Когда Шандор проходил мимо дома Вечери, тот крикнул ему через изгородь:
— С тех пор как стал домовладельцем, ты и носа к нам не кажешь. Не хочешь знаться с такими бедняками, как мы, а?
Шандор поздоровался с Вечери и, перебросившись с ним несколькими словами, пошел дальше.
Во дворе у Фаркашей собралась почти вся артель, не было только самого старшего, До его прихода говорили о том о сем, а в основном — об уборке урожая и о том, что обмолот в этом году, видимо, будет нелегким.
— Как следует придется поработать, это уж точно!
— А если до того времени еще дождичек прихватит, то закопаемся мы в соломе.
— Главное, чтоб намолот был хороший, тогда и солома не помешает.
— По семь-восемь центнеров с хольда возьмем по кругу.
— По крайним участкам вряд ли.

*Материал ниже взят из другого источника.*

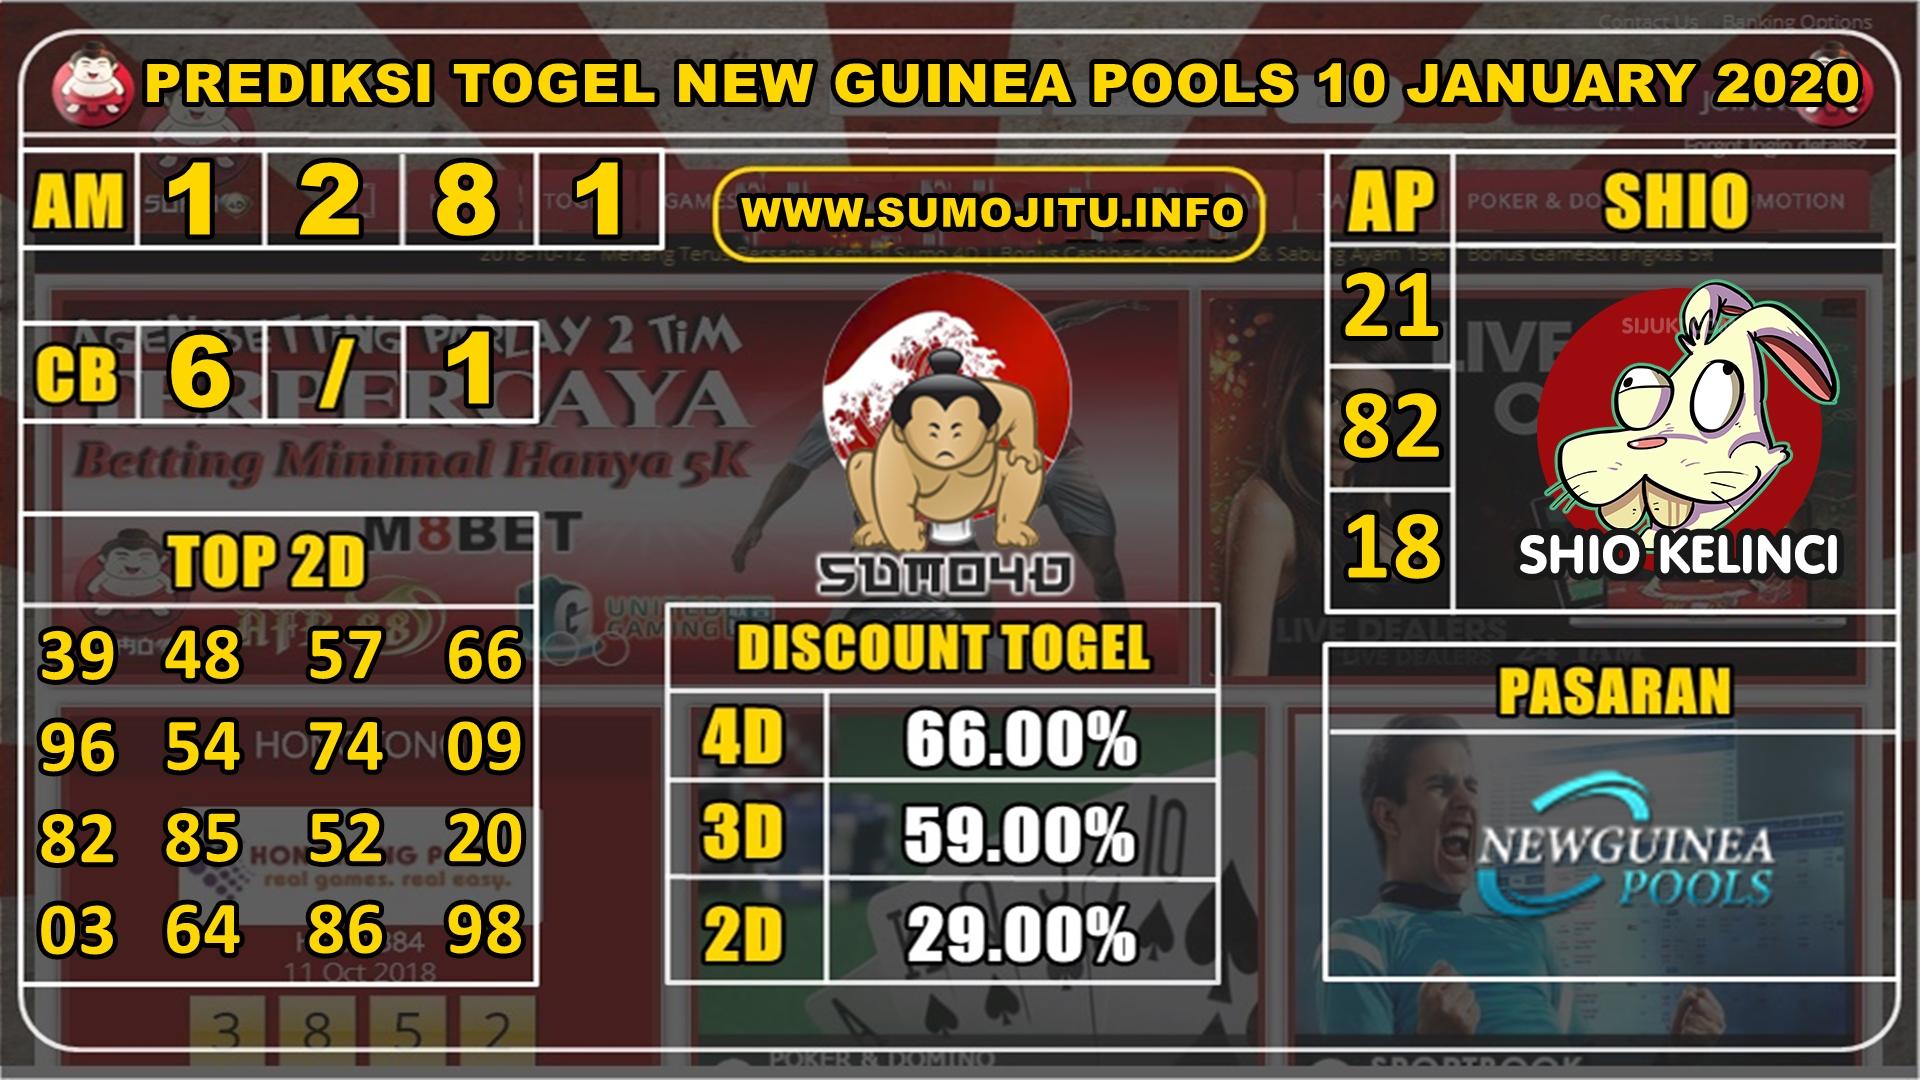 PREDIKSI TOGEL NEW GUINEA POOLS 10 JANUARY 2020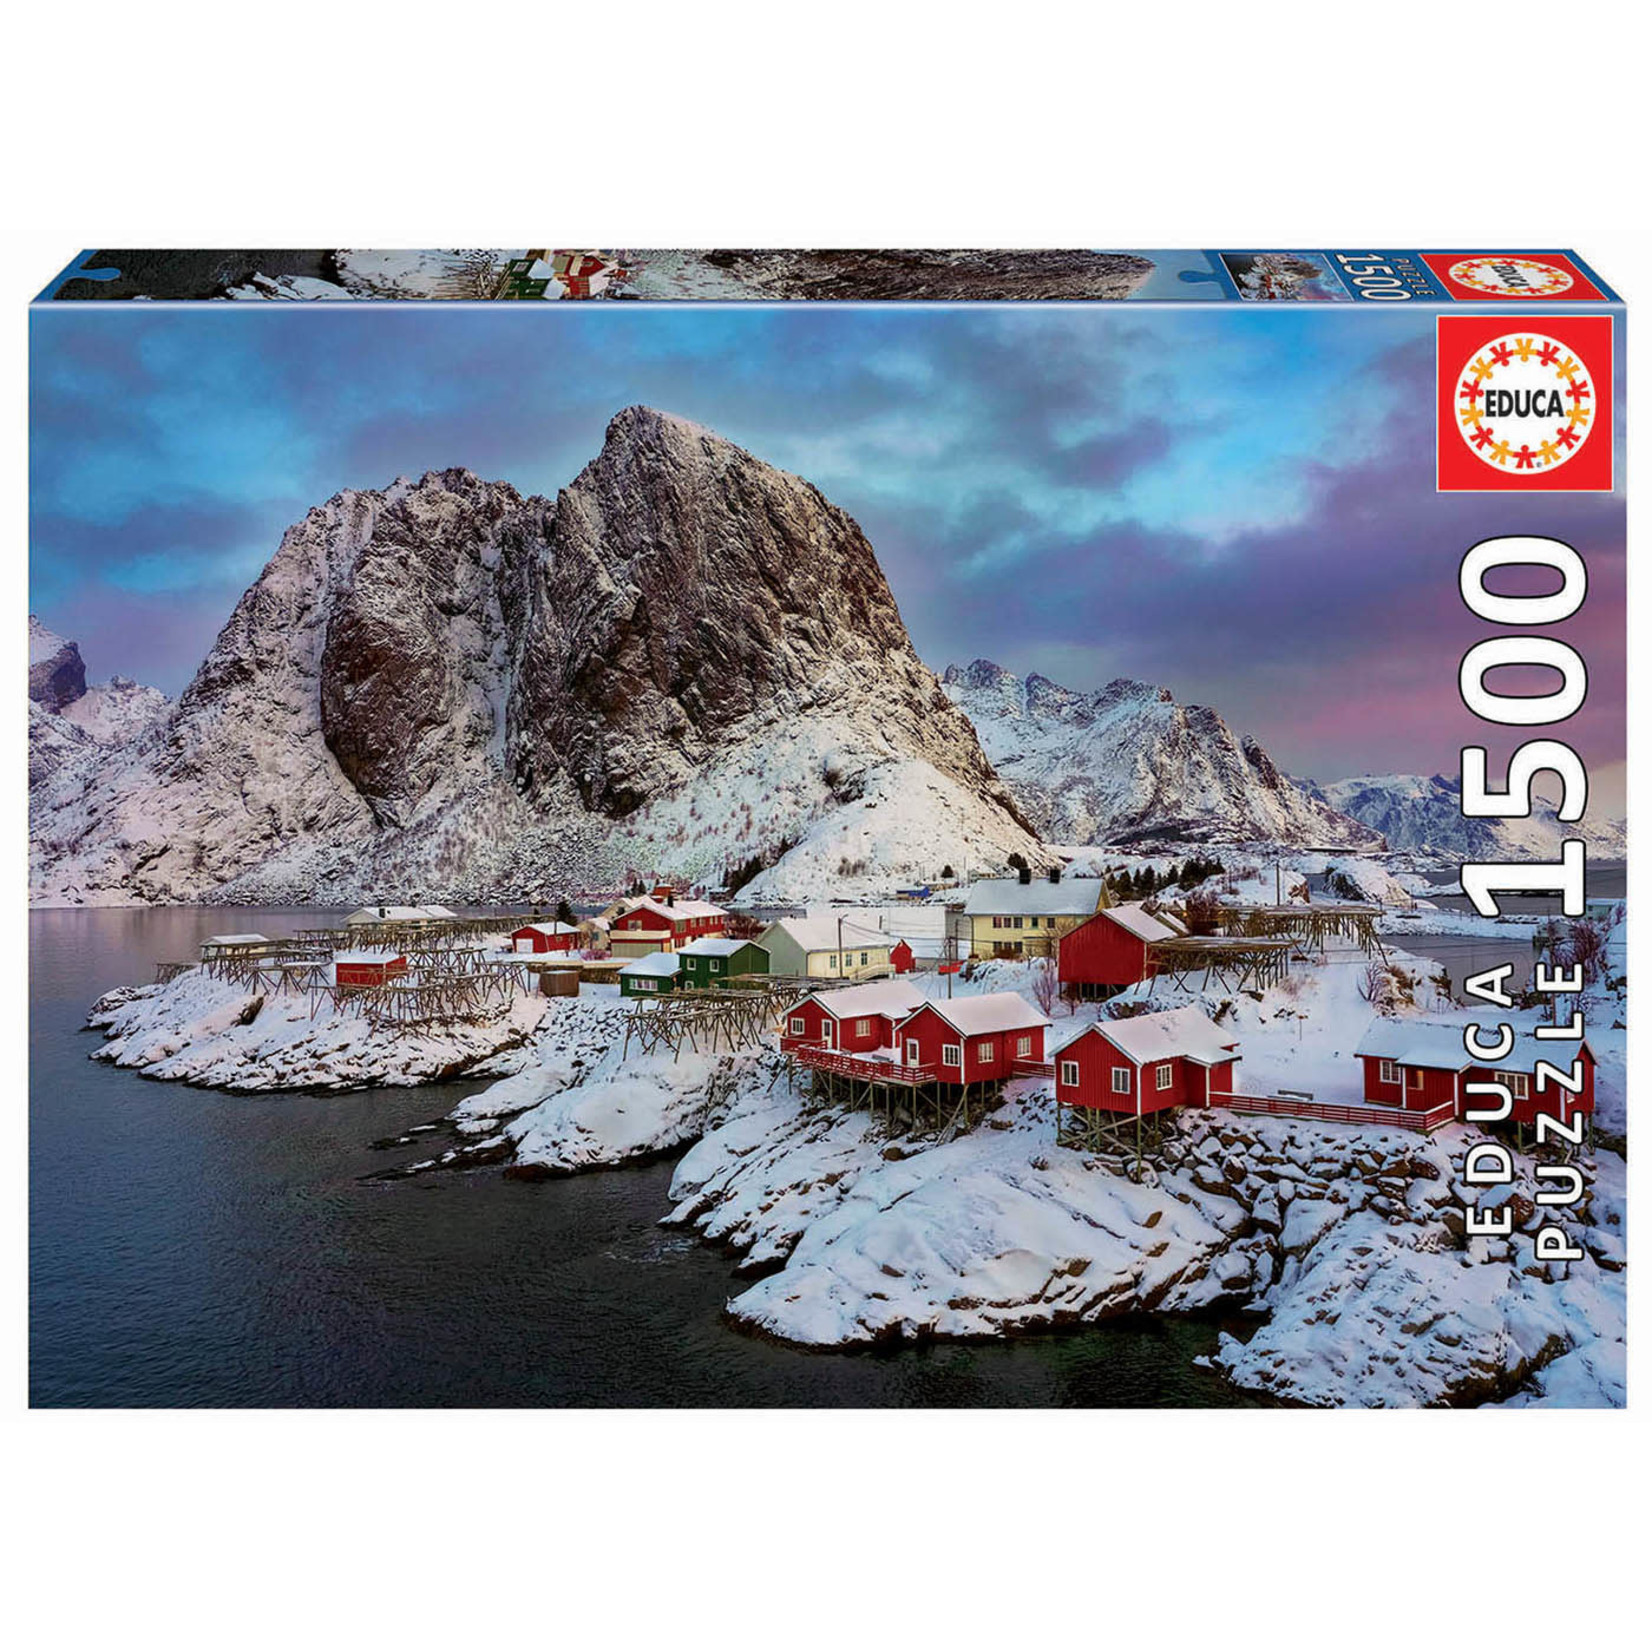 Educa Puzzles Lofoten Islands Norway 1500pc

Там пшеничка не такая уж хорошая, а вот овес и там вымахал.
Беседа текла неспешно. Свои мысли подкрепляли жестами. Затем стали вспоминать, в каком году в это время стояла точно такая же погода, когда был точно такой же урожай.
Дьере сидел прямо на земле, прислонившись спиной к стене. Сняв башмак, он демонстрировал свою ногу, которой он нечаянно наступил на косу и сильно порезал. Рана уже немного поджила, но разрез был очень глубоким. Стоило только кому-нибудь подойти к Дьере, как он тут же снимал башмак и, размотав грязный бинт, показывал пораненную ногу, объясняя, как именно это произошло. Рассказывал он совершенно бесстрастным тоном, будто речь шла вовсе не о его собственной ноге.
Ощупав со всех сторон опухшую ногу, он начинал не спеша забинтовывать ее, однако через несколько минут вновь показывал ее кому-нибудь другому.
— Никак не хочет заживать, паршивая, — объяснял он. — Не знаю даже, как буду работать…
— Подорожник надо привязать: здорово помогает…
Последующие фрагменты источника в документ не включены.